Thursday, November 11, 2010

  • Thursday, November 11, 2010
  • Elder of Ziyon
From Time:
The Nov. 3 assassination of Mohammad Namnam looked pretty much exactly like the fiery deaths of a lot of other Islamic militants in the Gaza Strip over the years. He was making his way in broad daylight through the tattered streets of Gaza City when his sedan turned into a fireball. The missile arrived from an Israeli helicopter hovering so far away that onlookers at first thought the explosion was a car bomb.

The death was not routine, however. Israel has refrained for months from assassination by missile, just as Hamas, the fundamentalist militant group that rules the Gaza Strip, has held back from launching homemade rockets into Israel. And the dead man was a senior operative not of Hamas but of another, more extreme militia called the Army of Islam. Namnam, a senior commander of the group some analysts describe as linked to al-Qaeda, was tracked and killed after Israeli security operatives learned that he was preparing a terror attack on U.S. forces stationed in the Sinai Desert not far from coastal Palestinian enclave ruled by Hamas.

But the most striking element of the operation was the source of the tip: Egyptian intelligence gleaned news of the plot from Army of Islam operatives captured earlier in the Sinai. Egyptian security forces work to interdict arms and explosives on smuggling routes that run across the vast expanse from Sudan to Gaza. But sharing the intelligence on Namnam with their Israeli counterparts marked a level of Egyptian cooperation not seen by the Jewish state in years. "Egypt is helping much more," a security source in the region tells TIME.
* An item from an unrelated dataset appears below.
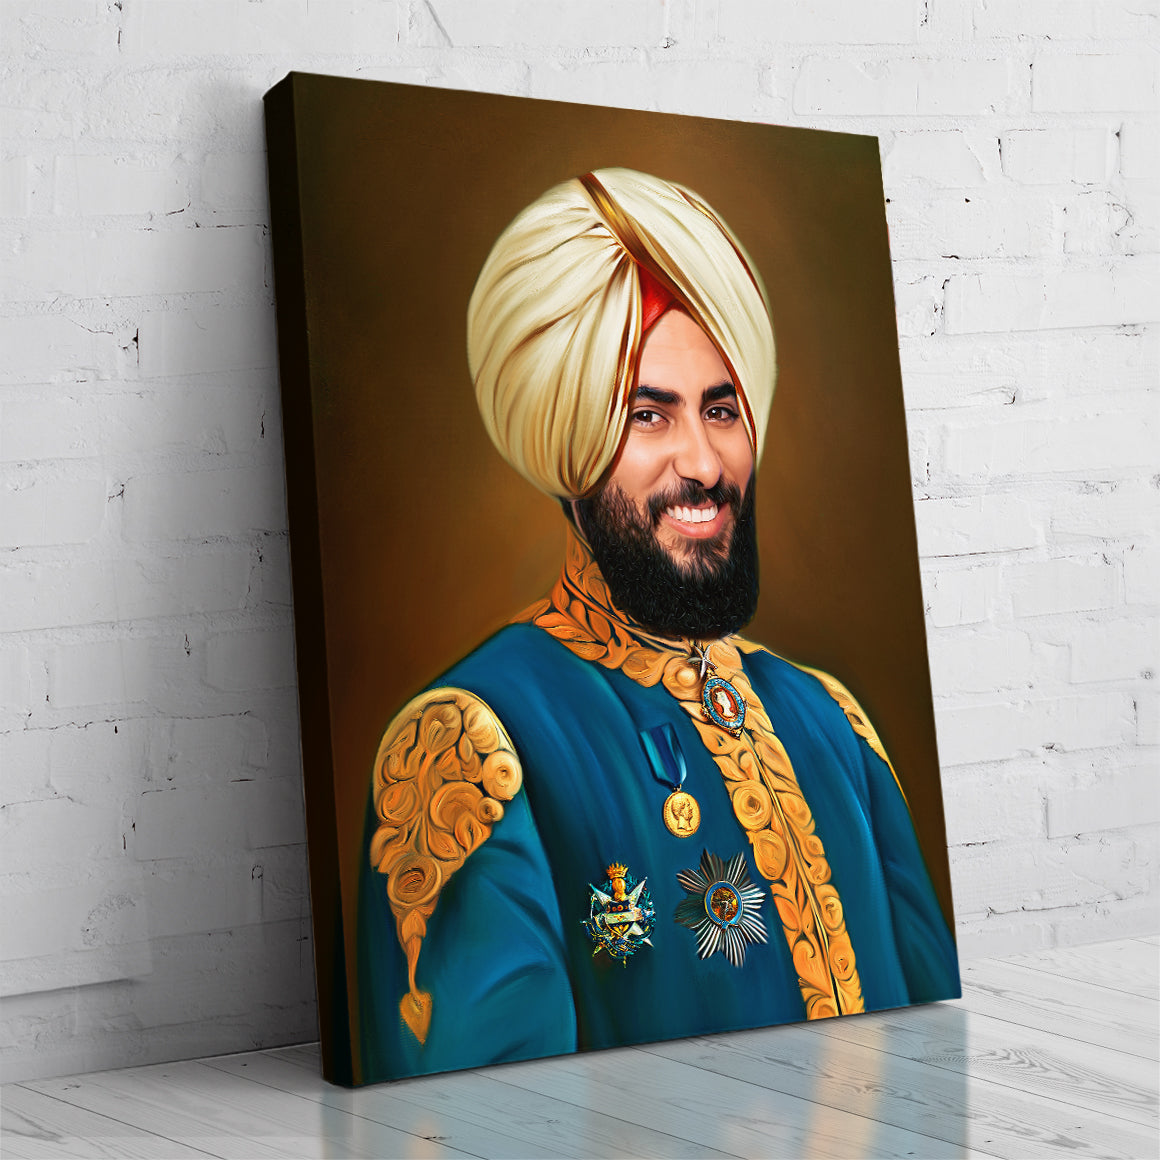 The Sikh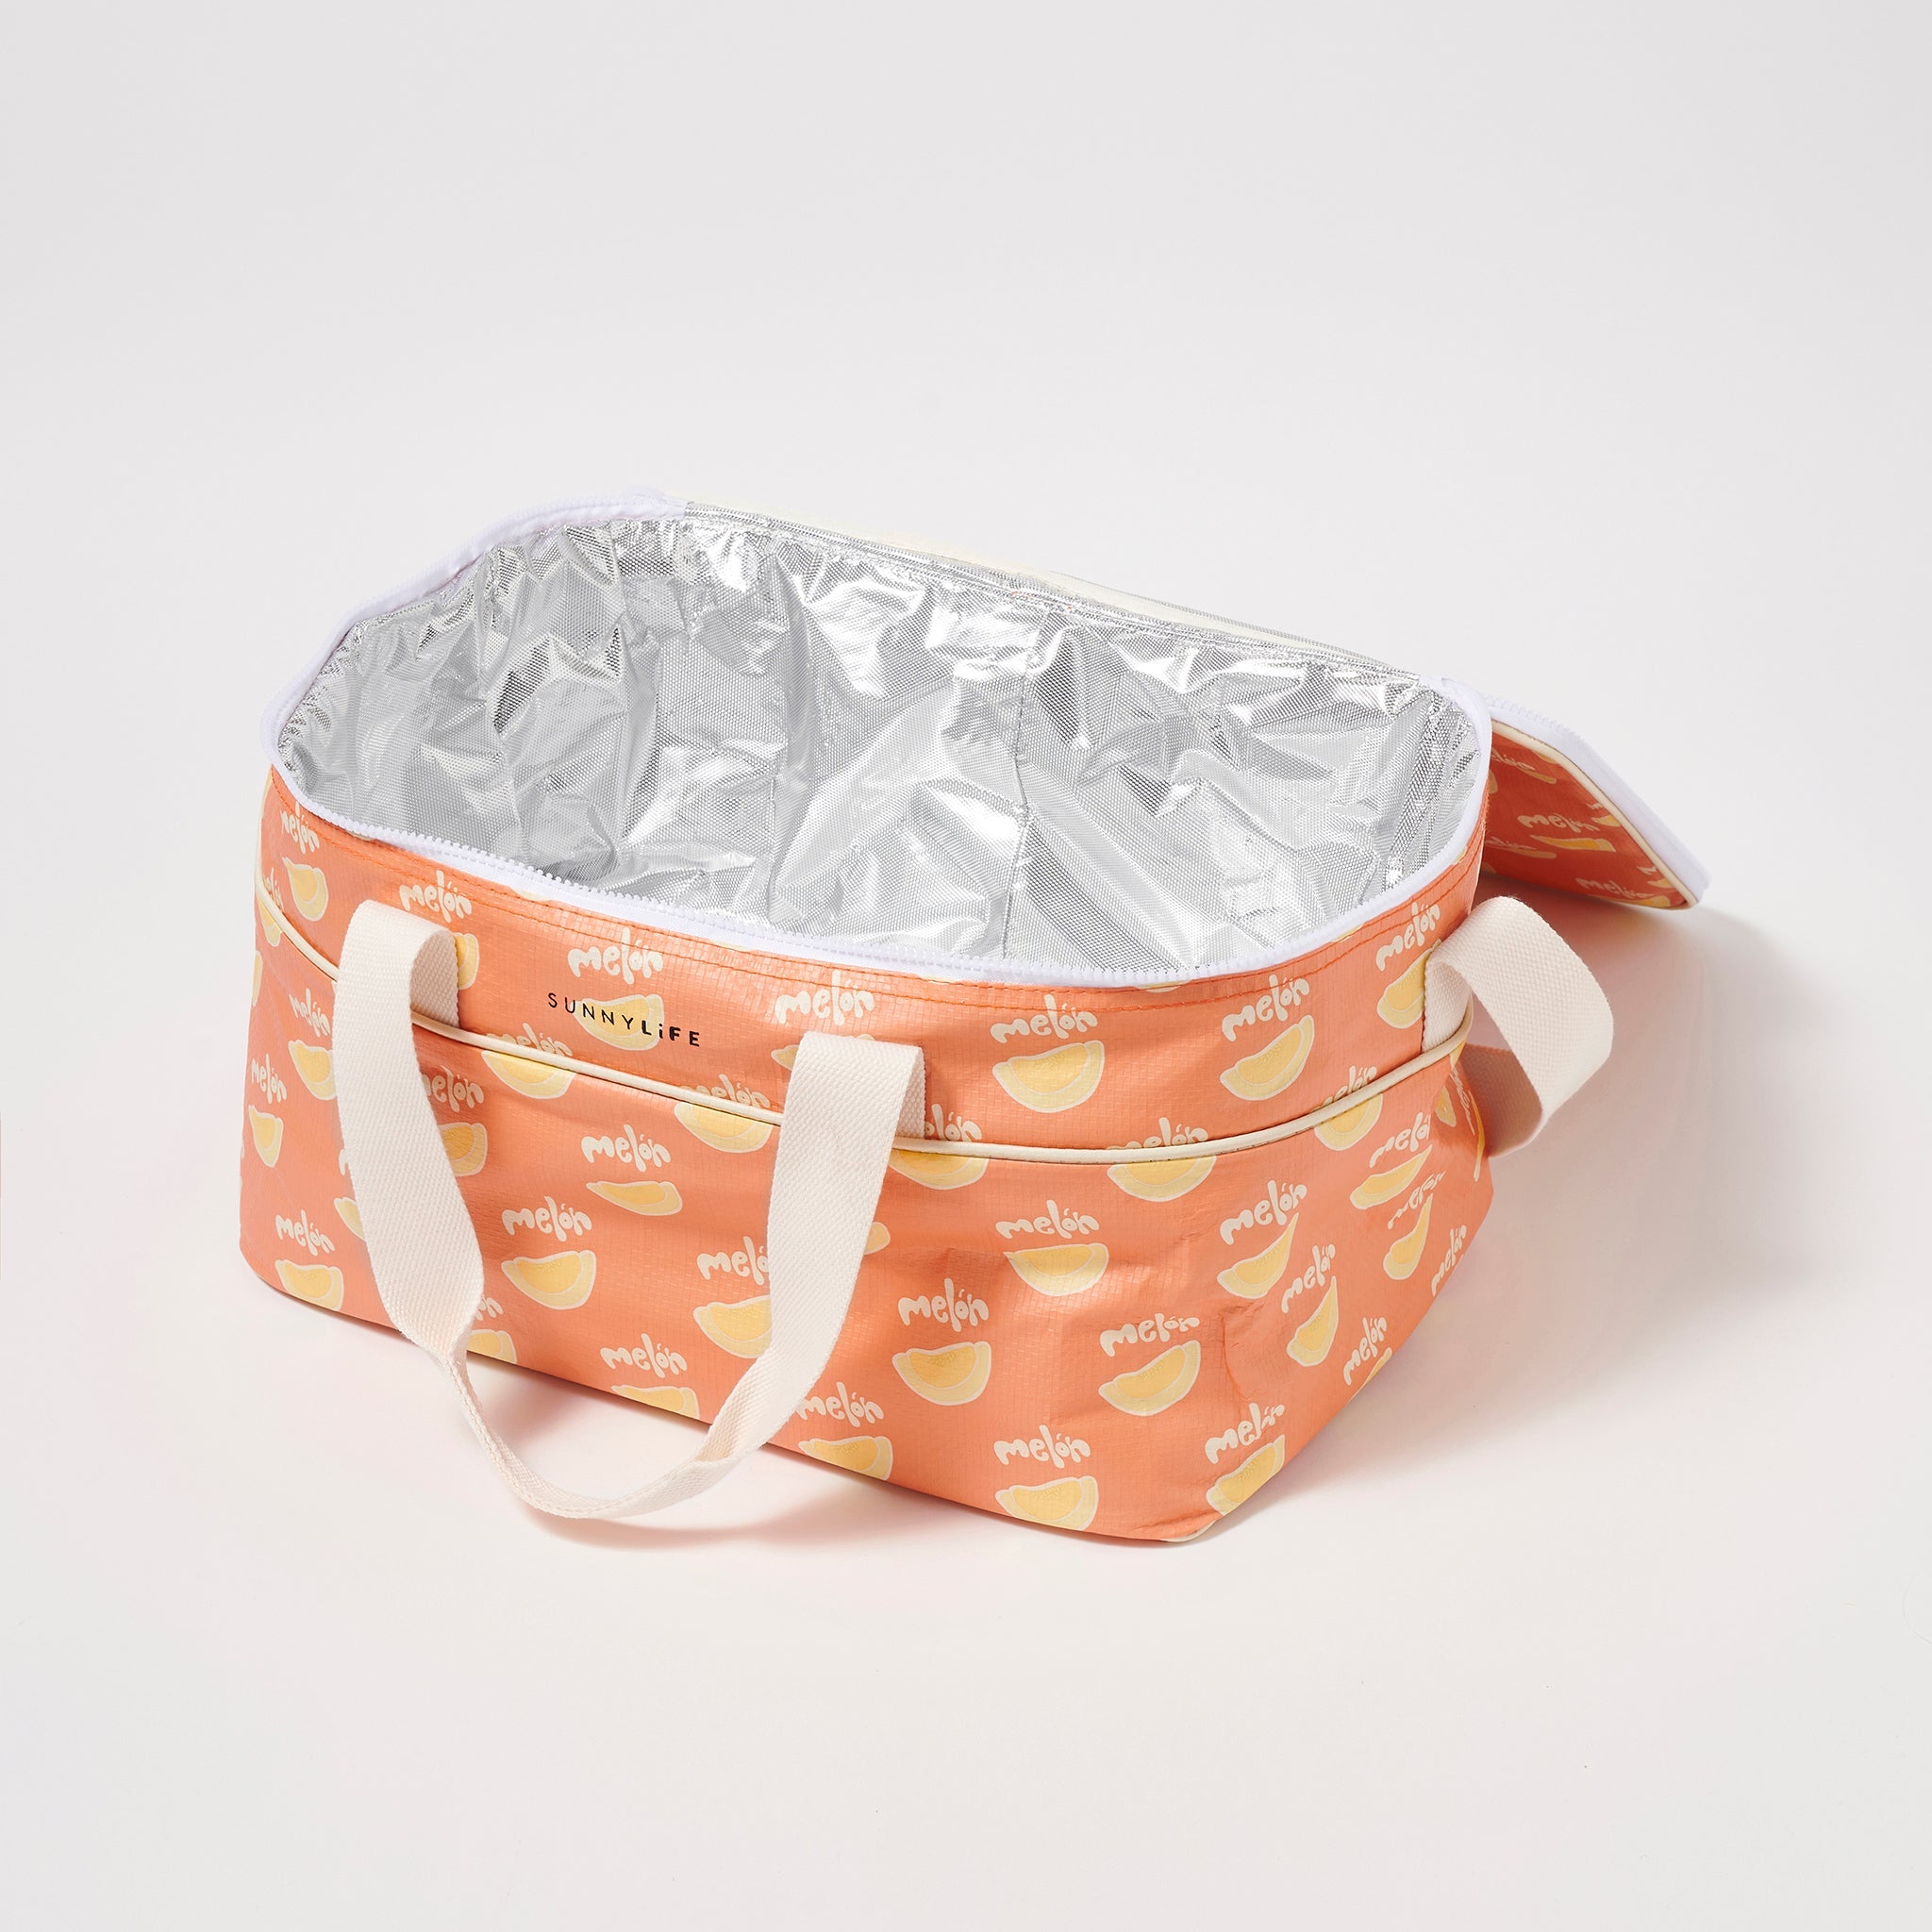 SUNNYLiFE |Light Cooler Bag | Utopia Melon

The Army of Islam plot was aimed at the northern base, called El Gorah, about a dozen miles west of Gaza, apparently hoping to kill Americans. U.S. forces account for almost 700 of the approximately 1,600 military personnel assigned to the Multnational Force and Observers (MFO). Normand St. Pierre, head of the MFO office in Cairo, says Israel and Egypt share responsibility for the forces' security. "The relationship between the countries is really up to them, and I think they know things work better when they cooperate," St. Pierre told TIME, adding that he knew of no specific threat to El Gorah.
There has always been a huge disconnect between how Egypt acts towards Israel in public and in private. Some of the low-key ties are mandated by the peace agreement and by trying to please the US, but even Egypt knows that Israel is a reliable partner for Egypt's security.